Scritto in esametri dattilici, si tratta di un poema di tipo catalogico, in cui Esiodo tenta di dare ordine all'inestricabile sistema di racconti e dei personaggi divini della mitologia greca, partendo da un preciso punto "storico" di origine del cosmo, proseguendo fino alla vittoria dei dodici Olimpi contro i Titani nella Titanomachia.
Il poema cosmogonico inizia con un inno alle Muse che si avviano all'Olimpo, in cui Esiodo fa un breve excursus della sua iniziazione come poeta, voluta per desiderio divino sul Monte Elicona; parte dunque il racconto delle origini, con il catalogo della progenie di Gea, incorniciata dal catalogo dei discendenti del Caos primigenio; si prosegue con la discendenza marina e dei mostri e si arriva alla prole dei Titani, tra cui spicca Ecate, alla quale il poeta rivolge un inno.
Ultimi figli dei Titani sono i discendenti di Crono e Rea, di cui vengono narrate le vicende, con l'ascesa di Zeus al trono e i fatti di Prometeo.
L'ultimo blocco narrativo descrive la titanomachia, ossia la lotta sanguinosa tra Dei e Titani per il governo dell'Olimpo, con la vittoria finale degli Dei, di cui vengono ricordati, in uno schema catalogico, l'eroogonia dei figli nati dalle unioni tra dee e uomini mortali.
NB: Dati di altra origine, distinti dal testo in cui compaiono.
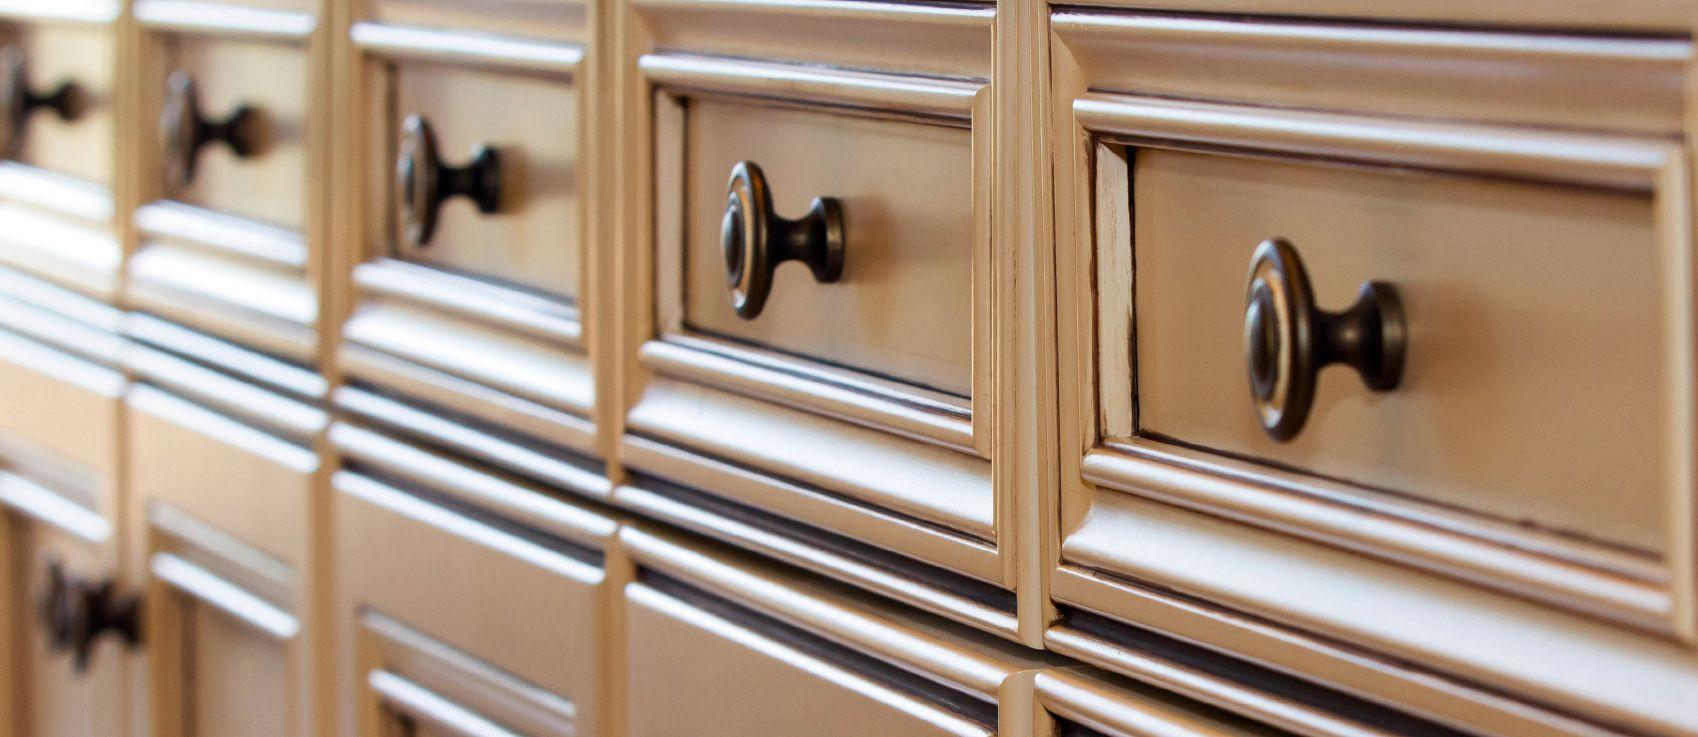 door knobs for kitchen cabinets photo - 17

Comunque,

«gli ultimi due versi invocano le Muse perché cantino le donne illustri, dovrebbero cioè servir di transizione al Catalogo delle donne. ( […] ) Nessun critico può far arrivare la Teogonia autentica oltre il verso 963; e forse ha ragione il Jacoby di farla terminare col verso 929: l'epilogo esiodeo si è certo perduto».

Le opere e i giorni
Le opere e i giorni sono la seconda opera esiodea. Si tratta di un testo più moderno, in quanto più vicino alle esperienze autobiografiche dell'autore.
L'opera inizia con un proemio in forma di inno di invocazione a Zeus, chiamato dio onnipotente che può imporre la Giustizia. Dopo il proemio, si trova il mito delle due Contese. Esiodo identifica infatti una contesa negativa, il flagello che provoca le guerre, e una positiva, sotterrata da Zeus nel profondo della Terra per spingere gli uomini al lavoro giusto.
Esiodo espone, come già nella Teogonia, ma qui in forma ampliata, il mito di Prometeo e Pandora.
Da qui Esiodo traccia, in una concezione alquanto pessimistica e tipica del pensiero greco, la storia delle cinque età dell'uomo, dalle origini - quando egli era felice, senza bisogno di lavorare - per poi andare sempre più avanti in declino: in effetti, il periodo felice per eccellenza era l'Età dell'Oro, seguita poi dall'Età dell'Argento, quella degli eroi, poi l'Età del Bronzo e, infine, l'Età del Ferro, contemporanea a Esiodo. Seguendo le forme di virtù e civiltà del passato eroico dei Greci, Esiodo confida in un possibile ritorno di calma spirituale all'Età dell'Oro, dato che Zeus ha dotato gli uomini del concetto di "giustizia".
Segue una lunga riflessione sulla giustizia, dopo la quale si apre il blocco delle "Opere", ossia del calendario agricolo, con una digressione sulla navigazione e consigli pratici, che preparano l'ultima parte del poema.
Nel blocco dei "Giorni", Esiodo descrive i vari cicli delle stagioni e dei relativi lavori di campagna, fornendo la descrizione del buon cittadino lavoratore, piccolo imprenditore agricolo che sa coltivare e amare la sua terra, e amministrare anche l'ordine nella famiglia.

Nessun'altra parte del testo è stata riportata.